A cholesteatoma is an expansion of keratinizing squamous epithelium that enters the middle ear cleft from the outer layer of the tympanic membrane or ear canal. Choleatomas are always treated surgically. Recurrence of the illness presents another challenge for the patient and the surgeon, though. There have been reports of recurrence rates as high as 30% in adults and as high as 70% in children. Here, we describe a case of persistent recurrent otorrhea following revision surgery, along with acquired recurrent cholesteatoma following canal wall down surgery. Case presentation: A 38-year -male with underlying Diabetes Mellitus and Hypertension presented with left scanty and foul-smelling ear discharge for 2 years and left reduced hearing. He was diagnosed with left chronic active otitis media with cholesteatoma for which he underwent left modified radical mastoidectomy, meatoplasty and tympanoplasty in 2017. Five months post operatively, he presented with left otorrhea. However, he defaulted followed up and presented in April 2018 for similar complaints. Otoscopy examination revealed left tympanic membrane perforation at poster superior quadrant of pars tensa and bluish discoloration behind pars flacida.

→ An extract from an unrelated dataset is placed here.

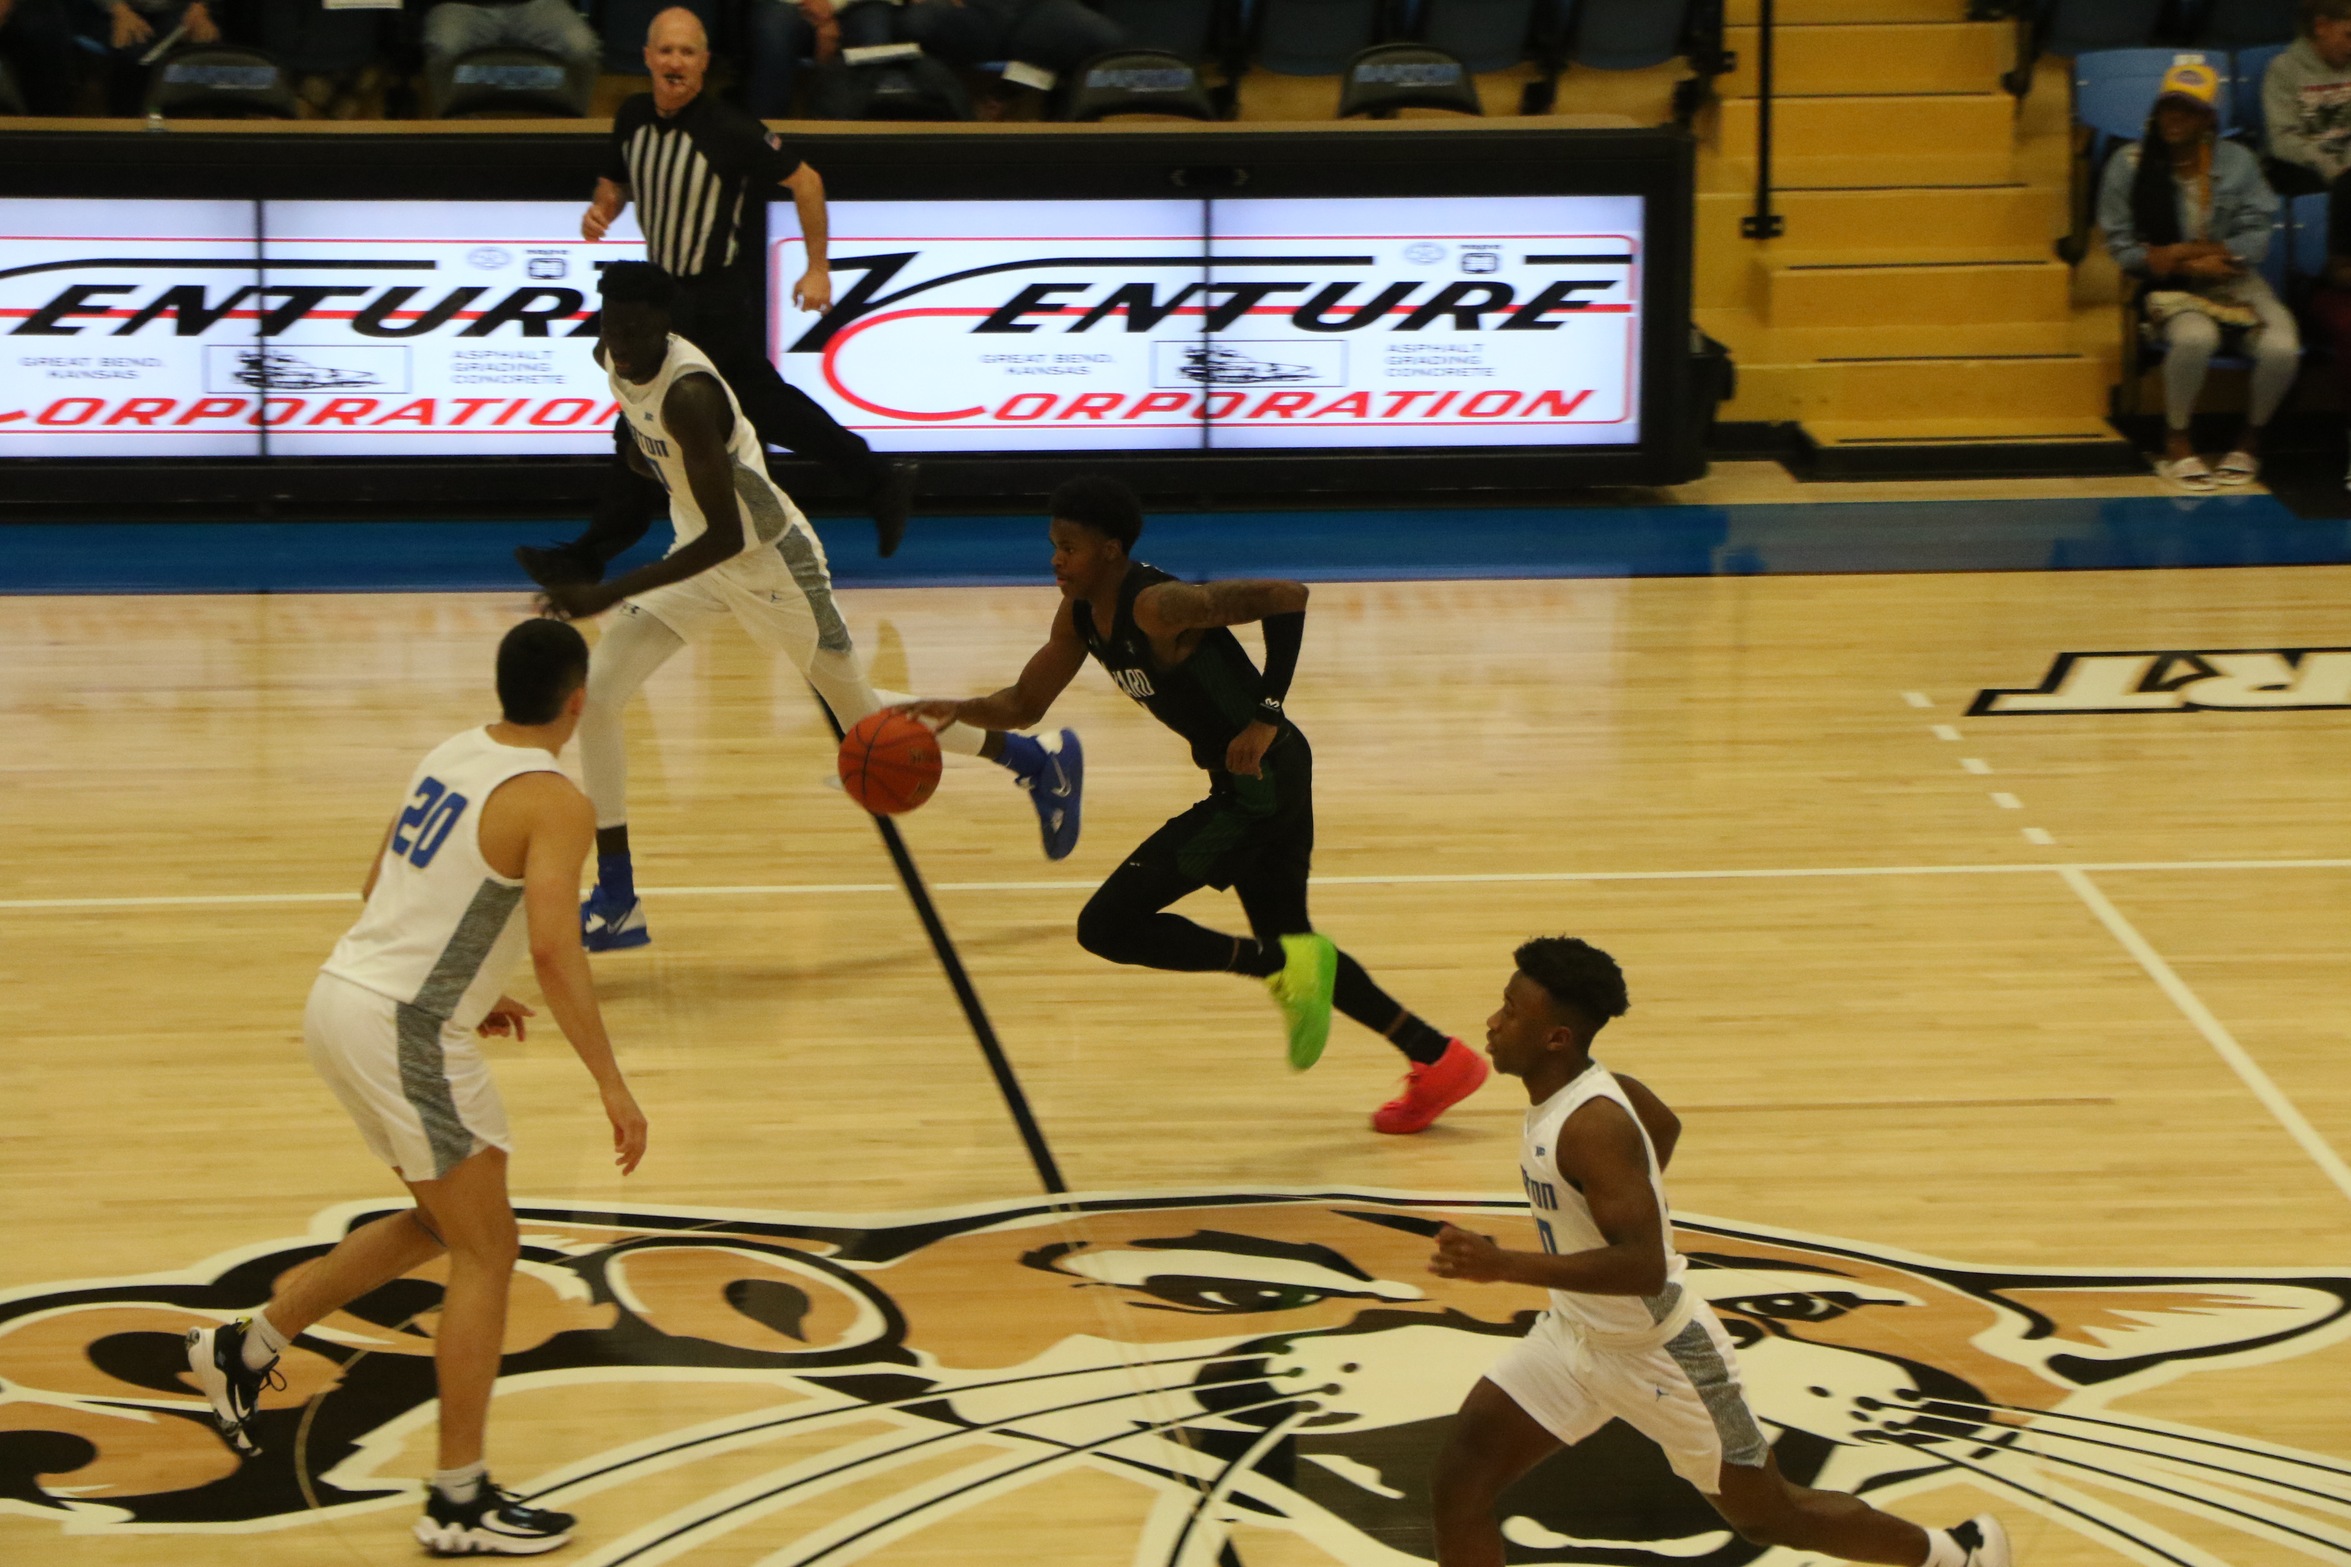 The Saints fell to Barton 74-57 on Saturday afternoon

He was diagnosed as recurrent left cholesteatoma and subsequently he underwent left mastoid exploration under general anesthesia in June 2018. Post-surgery, he developed recurrent ear discharge which was treated with topical antibiotics and ear toileting. Conclusions: We report a case of recurrent Cholesteatoma despite canal wall down procedure requiring a second redo procedure and with persistent recurrent otorrhea after the redo procedure. However, this case demonstrates the need for regular follow ups even after a canal wall down procedure for detecting recurrence of disease. Moreover, this case denotes some of the patient factors and surgeon factors involved in disease recurrence. Furthermore, importance of opting for an imaging study in case of high suspicion of the disease.